- [Work required]
Copy out exactly, from the entries that follow, the line holding "Striped trousers with sequin", the line holding "Deer animal close-up", and all lines between them, but no pictures.

- [Supplied material]
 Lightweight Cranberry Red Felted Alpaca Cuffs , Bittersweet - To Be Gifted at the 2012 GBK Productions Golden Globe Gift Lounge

* * *

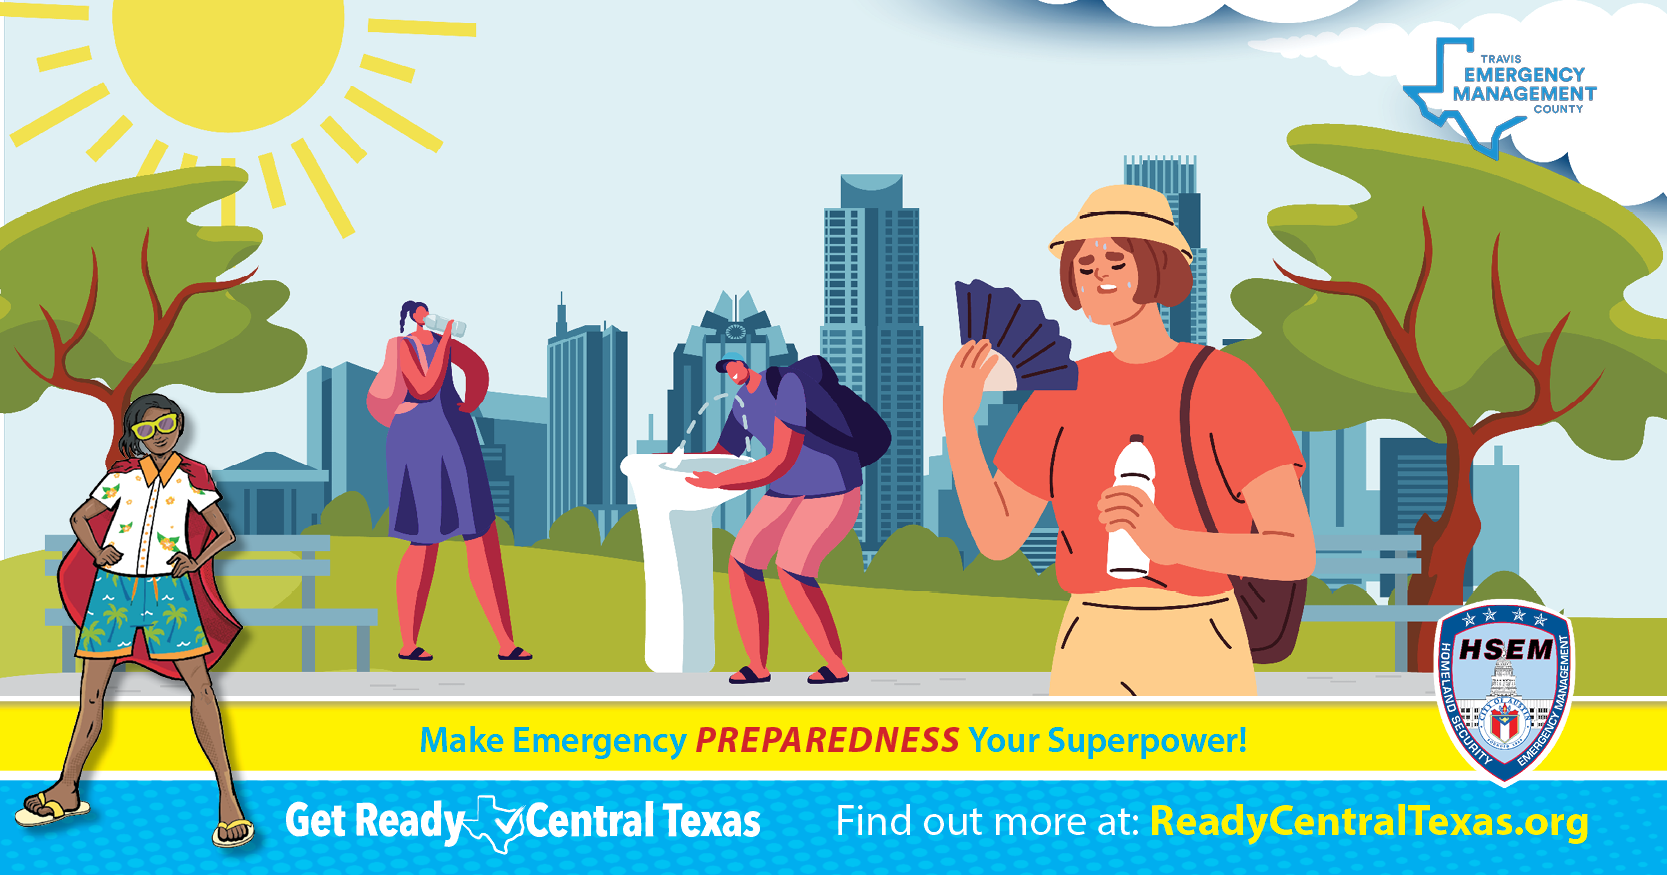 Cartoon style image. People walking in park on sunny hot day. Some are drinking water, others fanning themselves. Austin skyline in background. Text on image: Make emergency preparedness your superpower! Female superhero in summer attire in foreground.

---

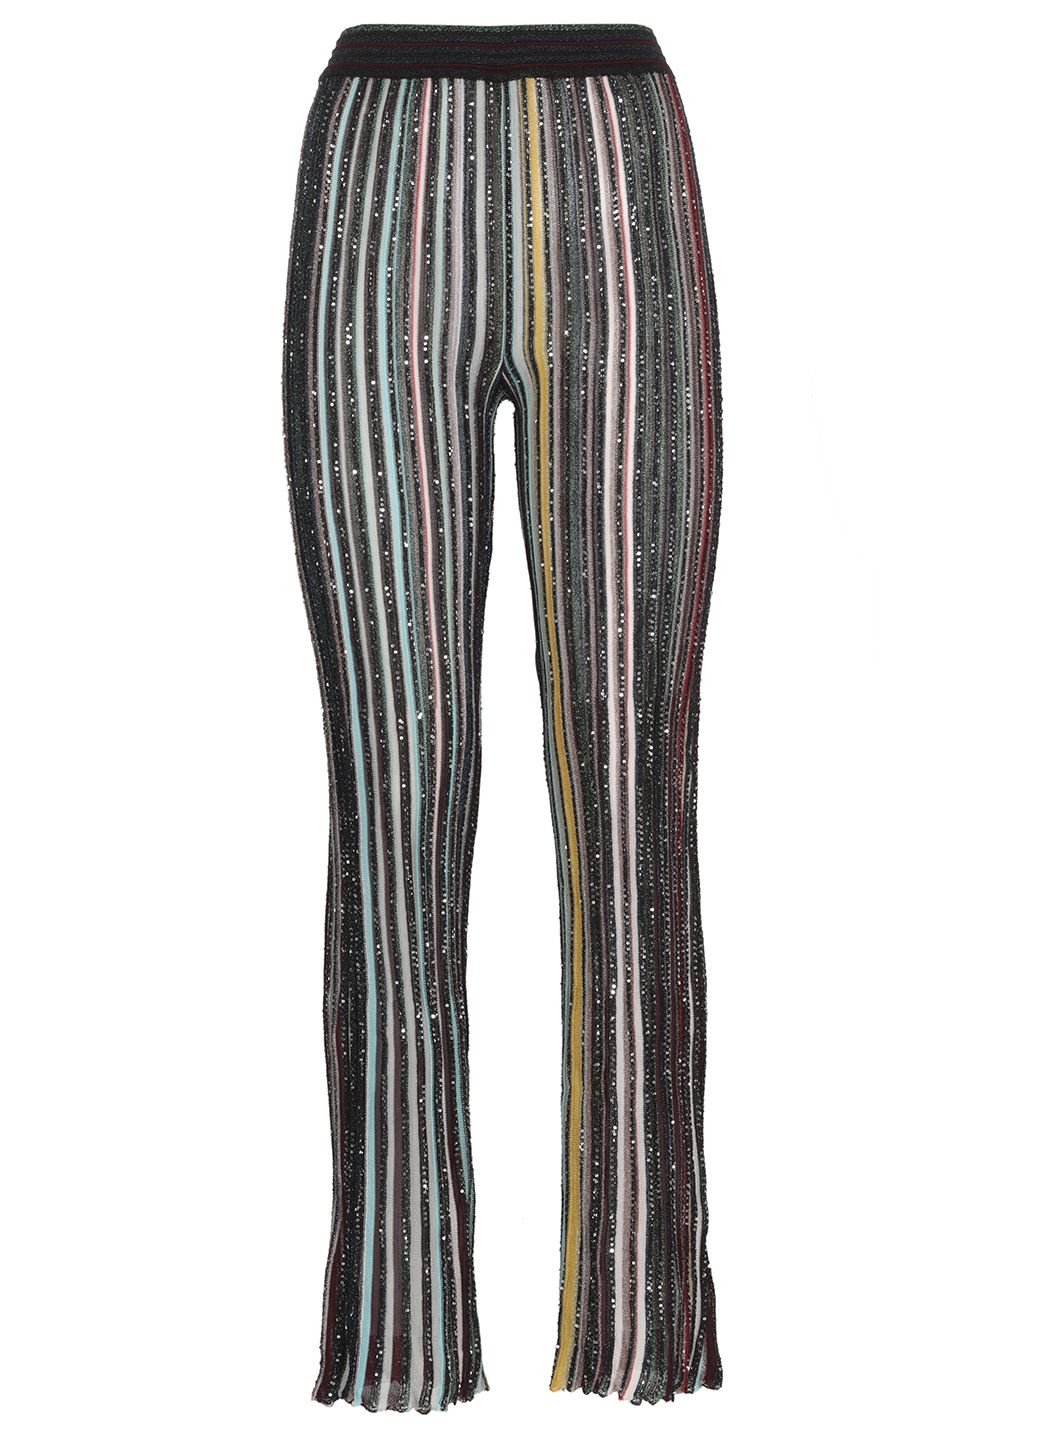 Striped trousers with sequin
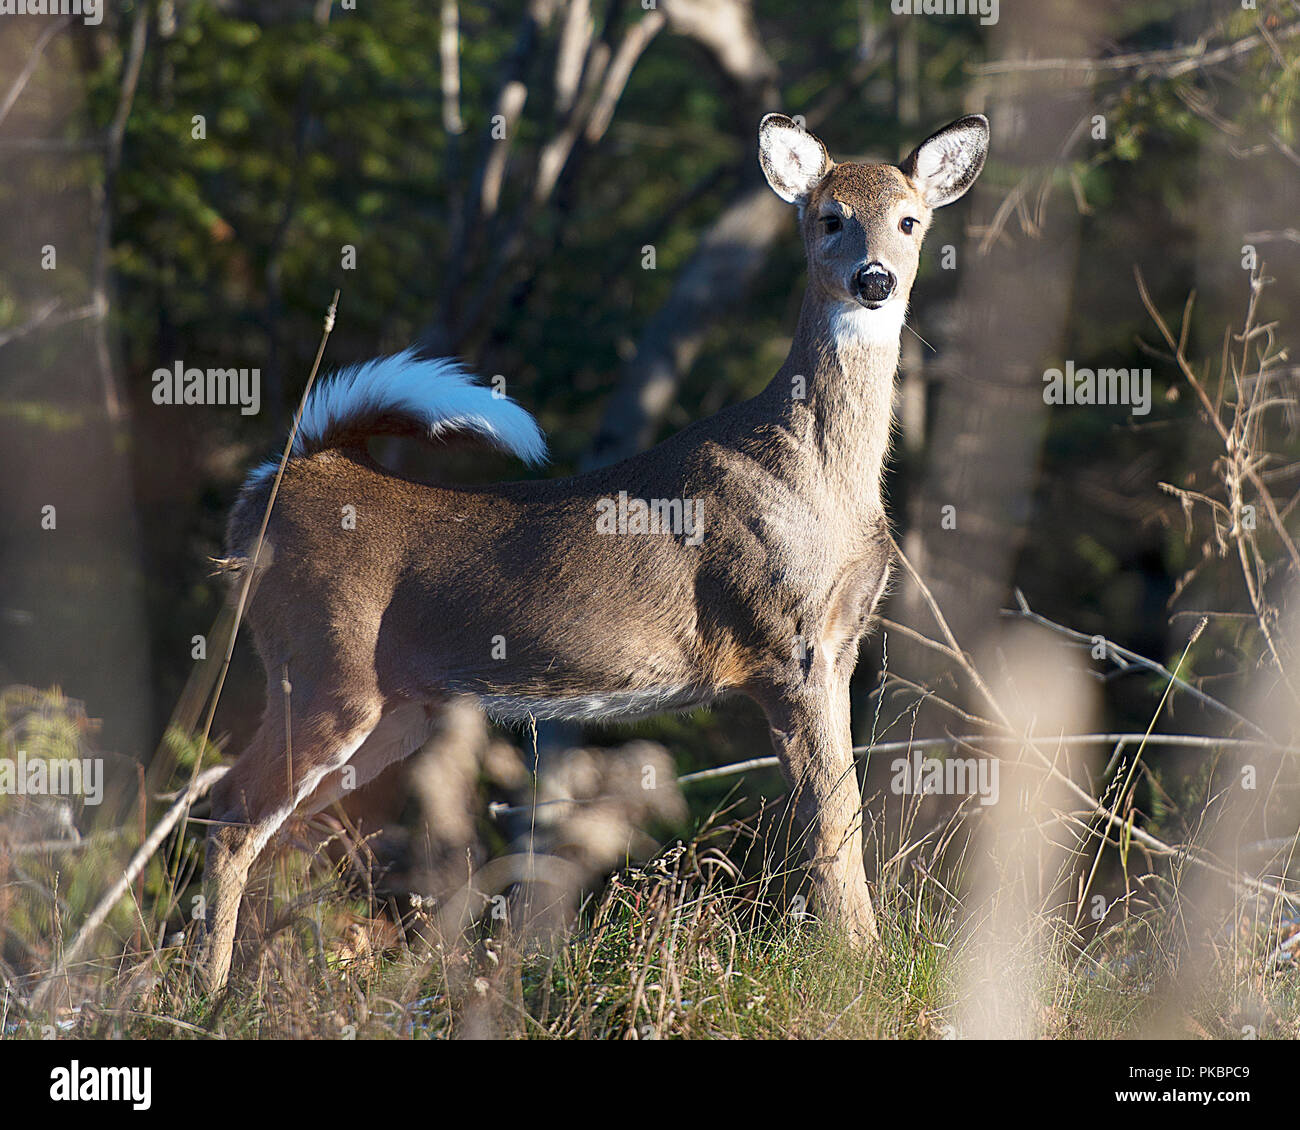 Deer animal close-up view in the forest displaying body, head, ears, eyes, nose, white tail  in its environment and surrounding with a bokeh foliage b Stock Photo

- [Expected output]
 Striped trousers with sequin
 Deer animal close-up view in the forest displaying body, head, ears, eyes, nose, white tail  in its environment and surrounding with a bokeh foliage b Stock Photo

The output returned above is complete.